下面来谈谈怎么做一个策略,定期清理历史备份.假设清理15天前的备份.

# On 备库节点,清理超过保留时间窗口的数据,一天一次,crontab: 1 6 * * * /usr/local/postgres/backupsh/purge_backup.sh >>/var/log/pg_run_log/purge_backup_5432.log 2>&1

vi /usr/local/postgres/backupsh/purge_backup_5432.sh

chmod 500 /usr/local/postgres/backupsh/purge_backup_5432.sh

#!/bin/bash

TIME=`date +%F`

echo -e "$TIME : Delete Archivelog From Primary Host Dir.\n"

find /data/recoverydir/pg_arch/* -mtime +15 -exec rm -rf {} \;

echo -e "$TIME : Delete Archivelog From Backup Host Dir.\n"

find /data1/pg_backup/arch_backup/* -mtime +15 -exec rm -rf {} \;

echo -e "$TIME : Delete Datafile From Backup Host Dir.\n"

for i in `ls -1rt /data1/pg_backup/|grep data_backup_|head --lines=-1`

do

rm -rf /data1/pg_backup/$i

done

# 至此,清楚历史备份也部署好了.

下面来谈谈PITR,基于时间点的恢复测试.

# On 备库节点,数据恢复测试,数据恢复

mkdir /data1/pg_backup/data_backup_$DATE/pg_xlog

chown -R postgres:postgres /data1/pg_backup

chmod 700 /data1/pg_backup/data_backup_$DATE

rm -f /data1/pg_backup/data_backup_$DATE/recovery.done

# 编辑配置文件postgresql.conf,修改监听端口与本地已经存在的端口分开.

port = 5433

archive_command = 'cp -f %p /data1/archivedir/pg_arch/%f 2>>/var/log/pg_run_log/archive_cp_5433.log'

# 编辑配置文件,recovery.conf

restore_command = 'pg_standby -d -s 2 -t /tmp/pgsql.trigger.5433 /data/recoverydir/pg_arch %f %p 2>>/var/log/pg_run_log/restore_standby_5433.log'

# recovery_target_timeline = 'latest'

# 以下时间来自数据库select now()这种的输出,然后推算;

recovery_target_time = '2011-07-20 11:13:15.64642+02'

recovery_target_inclusive = 'true'

recovery_end_command = 'rm -f /tmp/pgsql.trigger.5433'

# 启动备库开始恢复

pg_ctl start -D /data1/pg_backup/data_backup_$DATE

# 触发激活(三选一,空文件默认smart,fast表示立刻激活,不找下一个WAL文件.smart表示自动找下一个wal文件,找到就APPLY,直到没有下一个WAL了就激活)

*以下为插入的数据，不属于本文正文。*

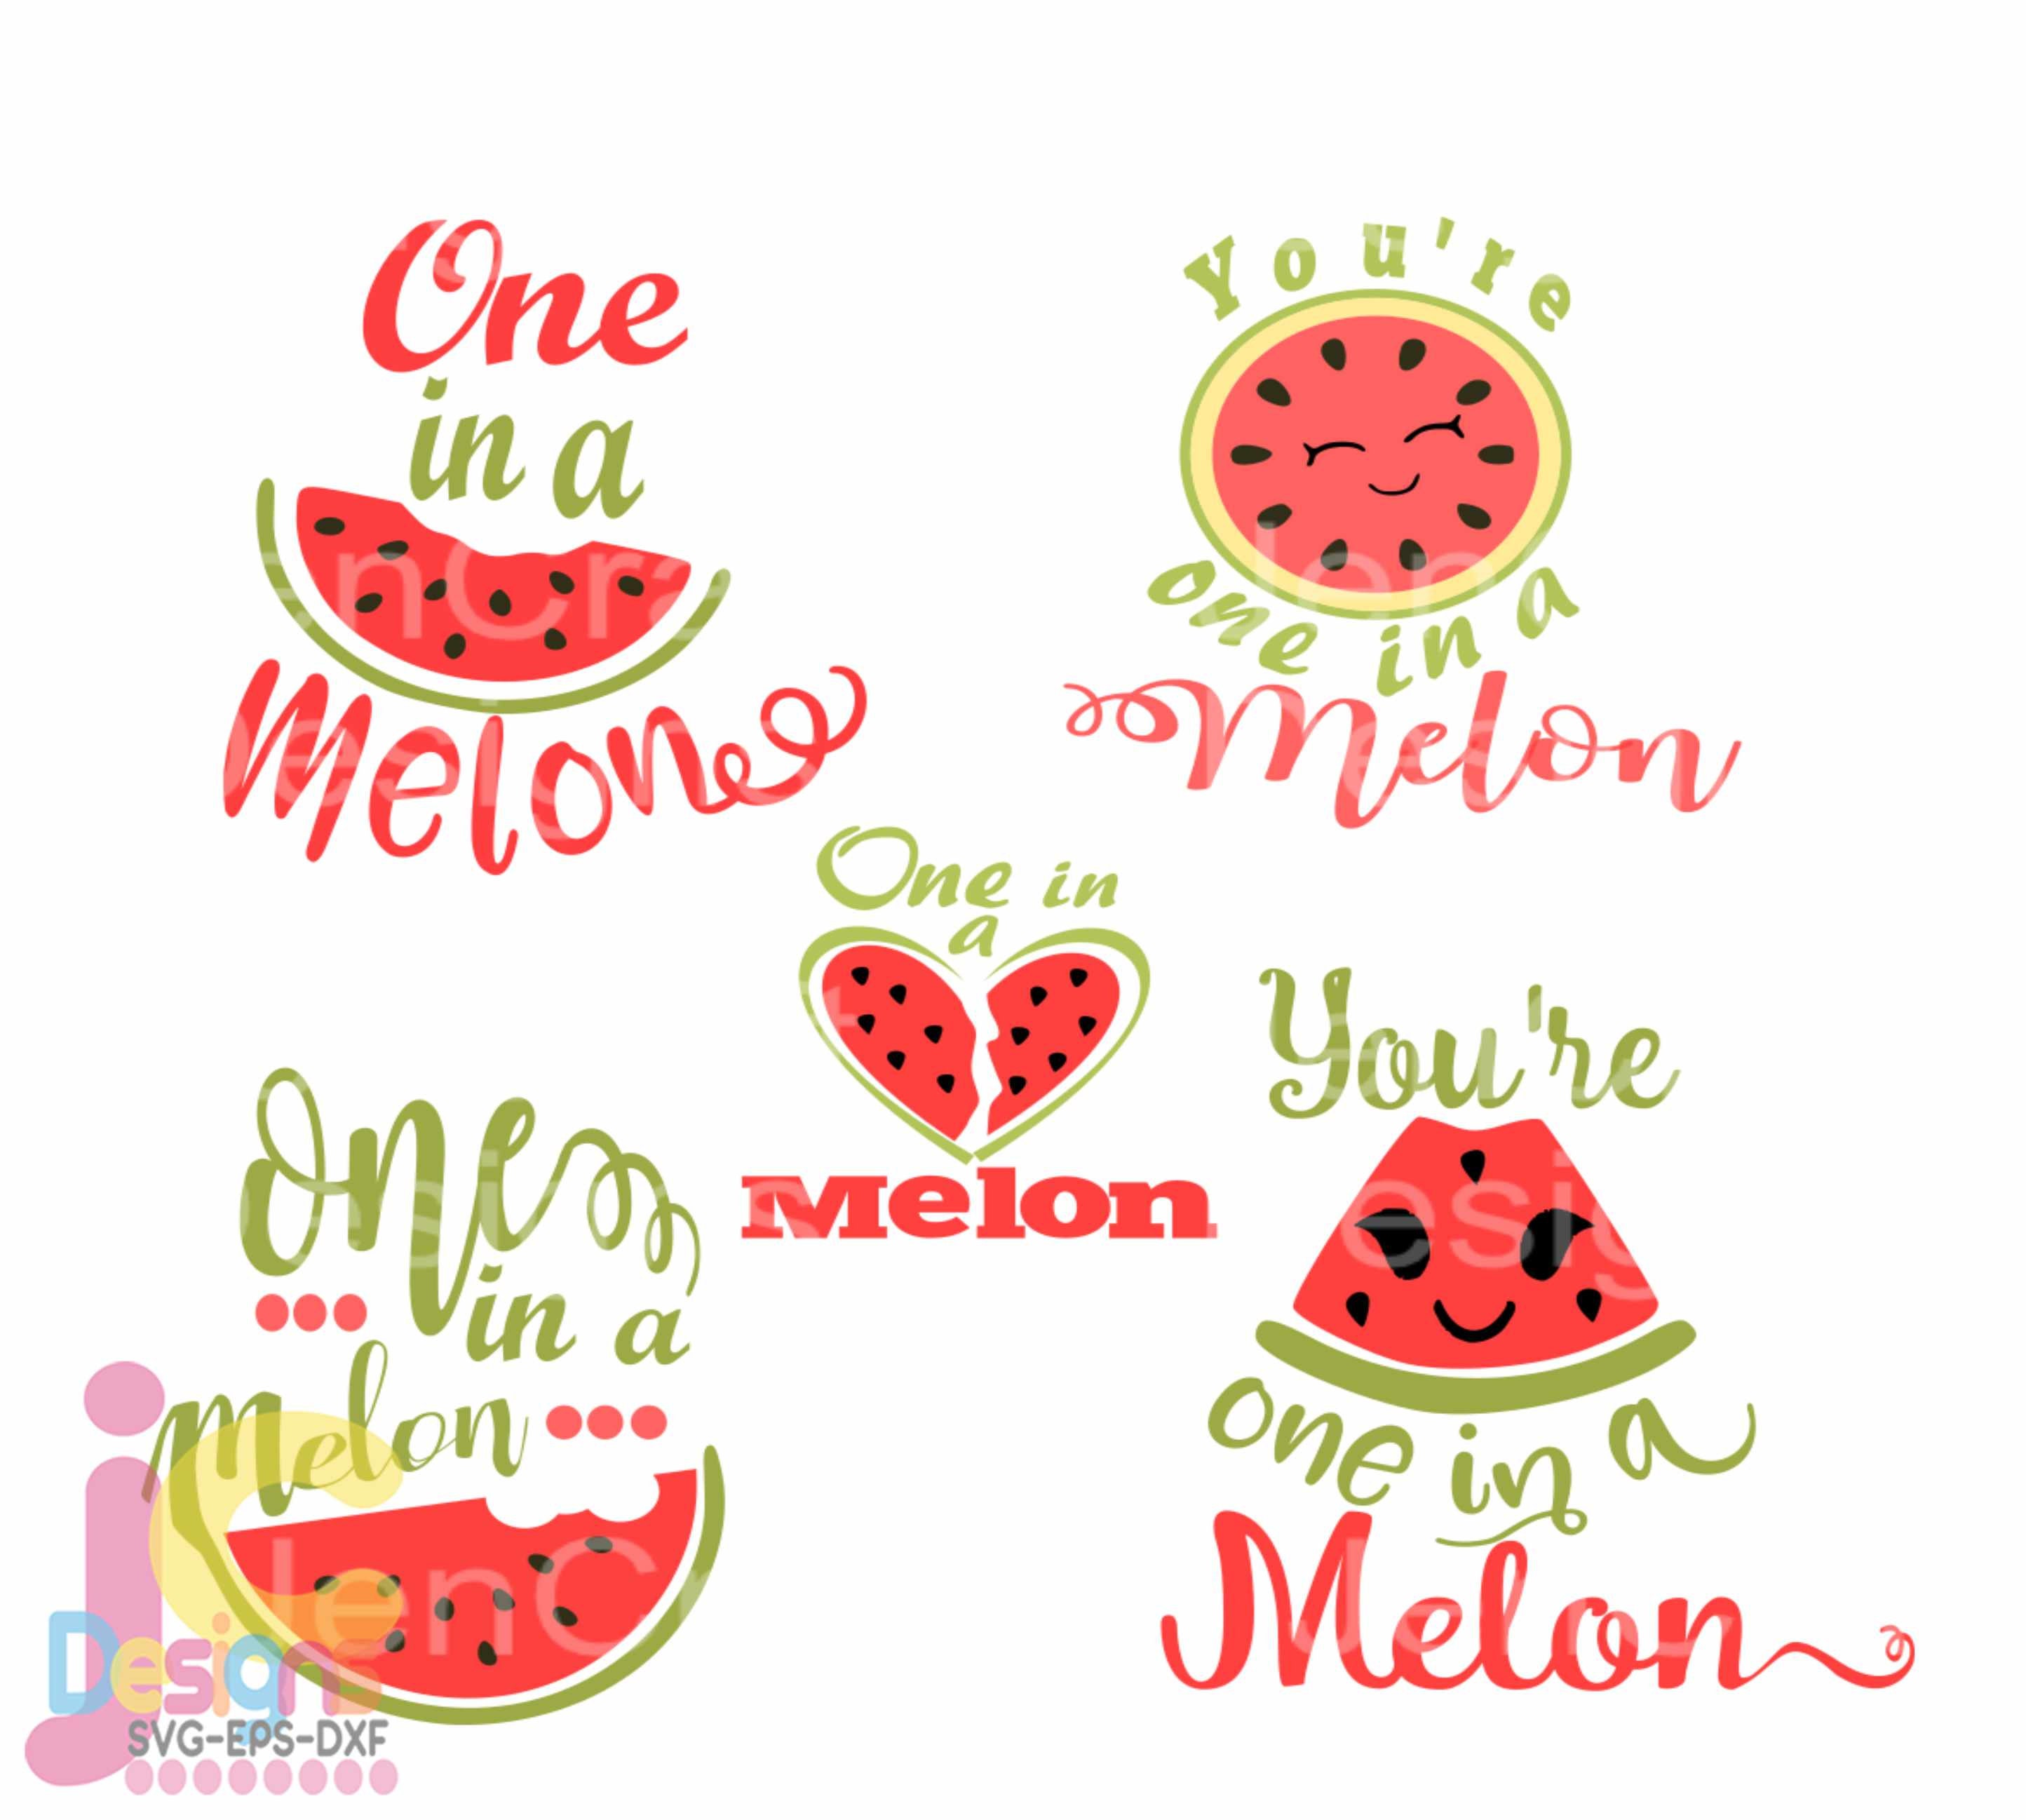 Download Summer Watermelon Svg One In A Melon Svg Summer Svg Cute Kids Print Sublimation Svg Dxf Eps Png Clipart Digitalart Cricut Silhouette

touch /tmp/pgsql.trigger.5433

echo "fast" > /tmp/pgsql.trigger.5433

echo "smart" > /tmp/pgsql.trigger.5433

# On 备库节点,数据恢复测试,reindex HASH索引

# 至此,PITR的测试结束,

下面谈谈应该监控哪些日志.

# 监控日志文件

# 主库节点

/var/log/pg_run_log/archive_cp_5432.log

/var/log/pg_run_log/backup_database_5432.log

/var/log/pg_run_log/backup_archive_5432.log

# 备节点

/var/log/pg_run_log/restore_standby_5432.log

/var/log/rsync.log

/var/log/pg_run_log/purge_backup_5432.log

【note】

由于备份对系统的IO有一定影响,建议在执行备份脚本的时候或者脚本里面的rsync前面加上nice -n 19。这样对系统影响最小.

Nicenesses range from -20 (most favorable scheduling) to 19 (least favorable).

【补充】

其他测试点:

数据文件备份crontab脚本测试

归档文件备份crontab脚本测试

清理超过保留时间窗口的数据crontab脚本测试

时间点恢复测试,激活时smart和fast对比,是否达到一致效果

standby激活测试

存储空间测算

监控日志文件

时间线文件删掉之后是否可以做恢复,是否可以做standby等

【参考】

http://www.postgresql.org/docs/8.4/static/pgstandby.html

pg_standby的激活模式 : 

Smart Failover

In smart failover, the server is brought up after applying all WAL files available in the archive. This results in zero data loss, even if the standby server has fallen behind, but if there is a lot of unapplied WAL it can be a long time before the standby server becomes ready. To trigger a smart failover, create a trigger file containing the word smart, or just create it and leave it empty.

Fast Failover

In fast failover, the server is brought up immediately. Any WAL files in the archive that have not yet been applied will be ignored, and all transactions in those files are lost. To trigger a fast failover, create a trigger file and write the word fast into it. pg_standby can also be configured to execute a fast failover automatically if no new WAL file appears within a defined interval.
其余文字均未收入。